Posted February. 23, 2003 22:23,   

한국어

The Iraq War is estimated to cost between 500 billion to 1,500 billion dollars, if it is a short war which ends within six weeks. Add in post-war peace keeping, humanitarian aids and rebuilding expanses, and the additional cost would be 1,000 billion to 6,000 billion dollars over ten years period.

“More important is the macro economic expanses that will affect the national economy. Even if the war is a short one, for a coming decade it will take away from 1,000 billion to as much as 1.9 trillion dollars from the nation`s GDP,” forecasts William Nodehouse, professor of Yale University.

Many economists have optimistic views. They say that if the U.S. ends the war within a short period of time, it will eliminate uncertainties and will help the world economy.

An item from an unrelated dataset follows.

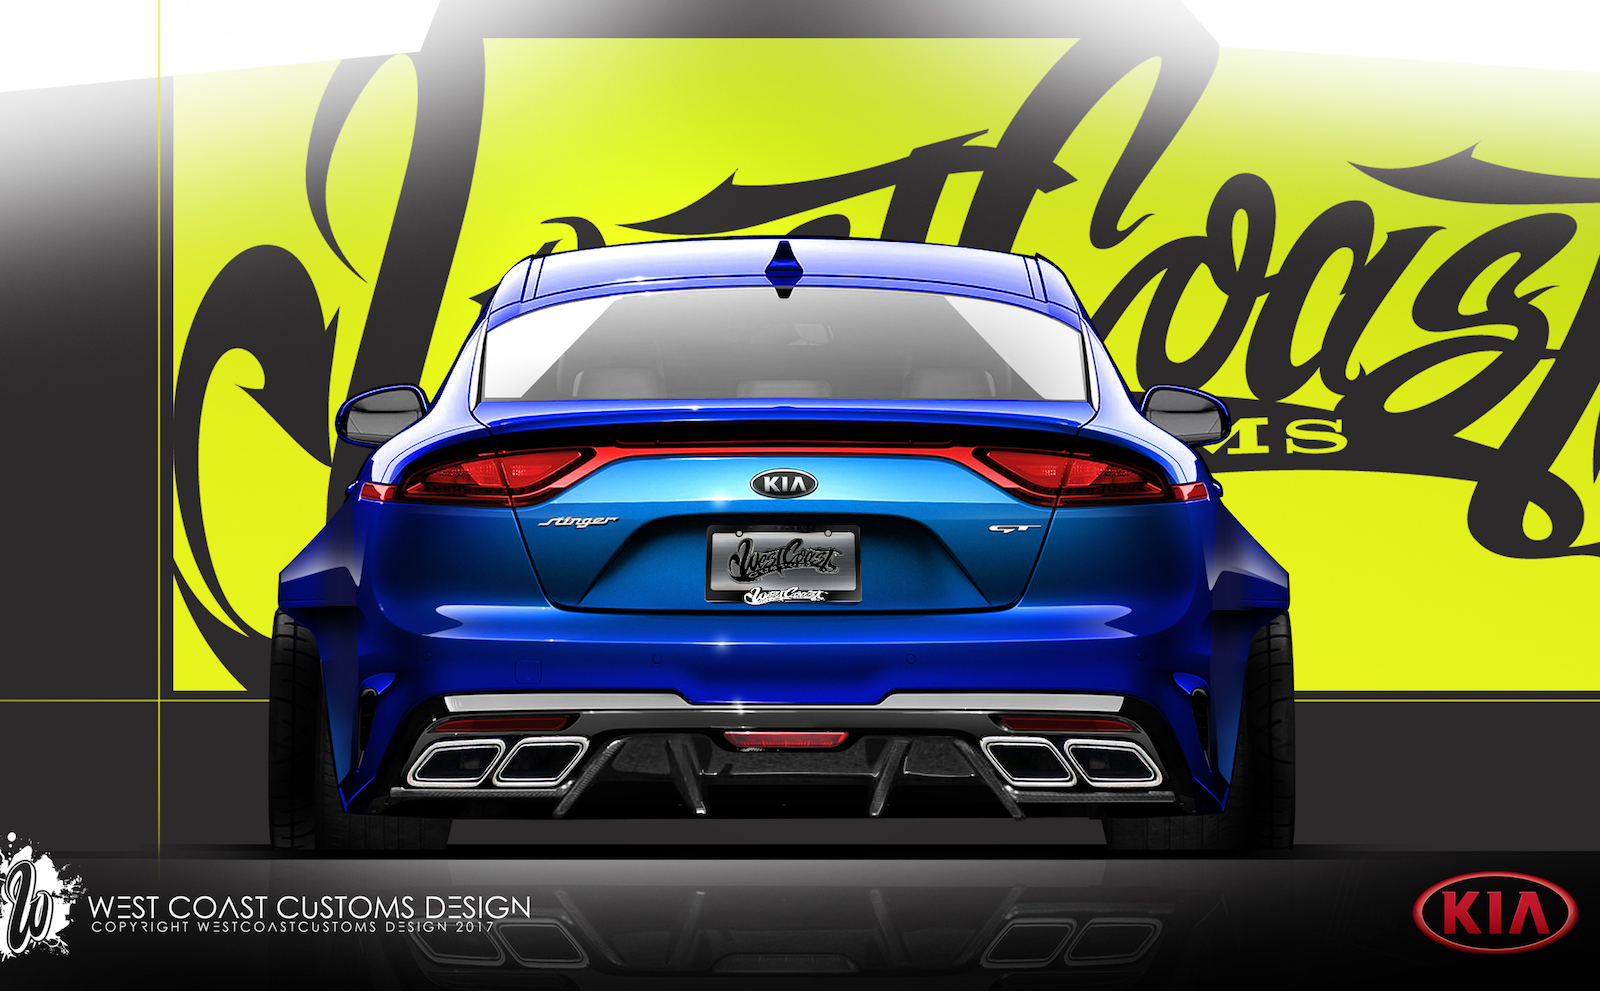 SEMA-bound Kia Stinger project shows off tuning potential

However the magazine ‘Economist’ refutes, “There will be uncertainties after the war, such as possibilities of terrorism.” They also point out, “The previous Gulf War may have help to boost the economy but the current situation is different from that of the 1990s.”

The current oil price is around 36 dollars per barrel. The optimists refer to the previous Gulf War as example. They forecast that the oil price may rise as high as 40 dollars but when the war ends, it will stabilize to around 20 dollars range.

However unlike in 1991, the current oil production in the Venezuela has suffered due to labor strikes. It’s uncertain whether other oil exporting countries may raise their production. There is also a possibility of oil field destruction by Iraq`s Saddam Hussein. Also the current U.S. oil reserve is at its lowest level since 1975.

If the economy is shriveled by war, the Central Bank has to lower the interest rates to sustain the economy. However the current U.S. interest rate is 1.25%. They can`t afford to lower anymore. Also sustaining the economy by government expenditure is not an easy option. The Japan suffers from a huge public debt and has no reserve to speak of. European countries` finance policies are tied down by European Union`s ‘Stability Treaty’.

During the previous Gulf War, the S&P 500 stock rates have increase over 20%. However the market at the time was under evaluated. Also the current market is sustained by optimistic views. So if an unexpected situation is to occur, it will affect the market tremendously. The current diplomatic friction between U.S. and Europe is expected to affect the international trade negatively. Already there are trade disputes in the steel and foodstuff industries. There are even boycott activities of opposing countries` products.